EXERCISE BRIEF ▸ Each line in the records below, from the one that contains "Il famoso orologio" to the one that contains "Orocovis T-Shirt - Puerto Rican Pride", should be reproduced exactly, the first and last included.

DATASET EXCERPTS ▸
--- START ---

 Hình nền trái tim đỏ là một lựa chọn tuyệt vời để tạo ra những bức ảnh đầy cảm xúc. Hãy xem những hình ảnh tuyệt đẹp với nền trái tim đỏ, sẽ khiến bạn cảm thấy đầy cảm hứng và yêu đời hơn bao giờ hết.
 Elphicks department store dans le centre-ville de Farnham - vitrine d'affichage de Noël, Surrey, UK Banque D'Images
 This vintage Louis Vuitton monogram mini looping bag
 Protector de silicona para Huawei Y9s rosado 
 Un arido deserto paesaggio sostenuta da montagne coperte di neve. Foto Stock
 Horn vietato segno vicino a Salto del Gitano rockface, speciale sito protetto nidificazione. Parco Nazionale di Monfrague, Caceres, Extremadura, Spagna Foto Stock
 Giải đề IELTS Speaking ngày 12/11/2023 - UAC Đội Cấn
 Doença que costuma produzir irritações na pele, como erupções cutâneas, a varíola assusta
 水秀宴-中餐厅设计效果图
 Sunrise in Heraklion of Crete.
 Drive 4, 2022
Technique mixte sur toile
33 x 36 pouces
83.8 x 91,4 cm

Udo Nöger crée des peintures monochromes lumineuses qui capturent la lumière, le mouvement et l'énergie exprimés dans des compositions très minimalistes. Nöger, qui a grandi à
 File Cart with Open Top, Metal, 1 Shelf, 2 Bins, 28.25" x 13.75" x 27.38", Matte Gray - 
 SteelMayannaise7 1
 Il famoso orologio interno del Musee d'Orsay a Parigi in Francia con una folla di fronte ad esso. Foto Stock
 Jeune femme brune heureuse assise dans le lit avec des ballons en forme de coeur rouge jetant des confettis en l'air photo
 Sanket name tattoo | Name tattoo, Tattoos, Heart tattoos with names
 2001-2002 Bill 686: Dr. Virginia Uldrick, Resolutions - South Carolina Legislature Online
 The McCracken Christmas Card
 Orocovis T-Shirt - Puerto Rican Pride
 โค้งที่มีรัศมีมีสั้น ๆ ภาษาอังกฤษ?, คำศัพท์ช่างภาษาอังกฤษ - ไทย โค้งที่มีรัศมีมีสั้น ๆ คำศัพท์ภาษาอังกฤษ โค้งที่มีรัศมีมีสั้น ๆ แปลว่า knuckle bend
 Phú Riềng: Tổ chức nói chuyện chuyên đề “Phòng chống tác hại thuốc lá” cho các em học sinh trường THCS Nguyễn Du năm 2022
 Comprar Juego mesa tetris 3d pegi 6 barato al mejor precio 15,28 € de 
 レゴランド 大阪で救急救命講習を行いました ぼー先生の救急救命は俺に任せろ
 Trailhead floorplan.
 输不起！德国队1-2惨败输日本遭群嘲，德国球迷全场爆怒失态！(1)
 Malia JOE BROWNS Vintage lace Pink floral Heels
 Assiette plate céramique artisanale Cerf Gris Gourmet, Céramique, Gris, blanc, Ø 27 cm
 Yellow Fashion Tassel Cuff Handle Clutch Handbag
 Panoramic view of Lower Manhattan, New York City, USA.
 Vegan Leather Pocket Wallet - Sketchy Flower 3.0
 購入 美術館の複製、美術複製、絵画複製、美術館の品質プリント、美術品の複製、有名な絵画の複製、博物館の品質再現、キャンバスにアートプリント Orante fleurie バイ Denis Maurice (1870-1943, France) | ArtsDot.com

--- END ---

RESPONSE TO THE EXERCISE ▸
 Il famoso orologio interno del Musee d'Orsay a Parigi in Francia con una folla di fronte ad esso. Foto Stock
 Jeune femme brune heureuse assise dans le lit avec des ballons en forme de coeur rouge jetant des confettis en l'air photo
 Sanket name tattoo | Name tattoo, Tattoos, Heart tattoos with names
 2001-2002 Bill 686: Dr. Virginia Uldrick, Resolutions - South Carolina Legislature Online
 The McCracken Christmas Card
 Orocovis T-Shirt - Puerto Rican Pride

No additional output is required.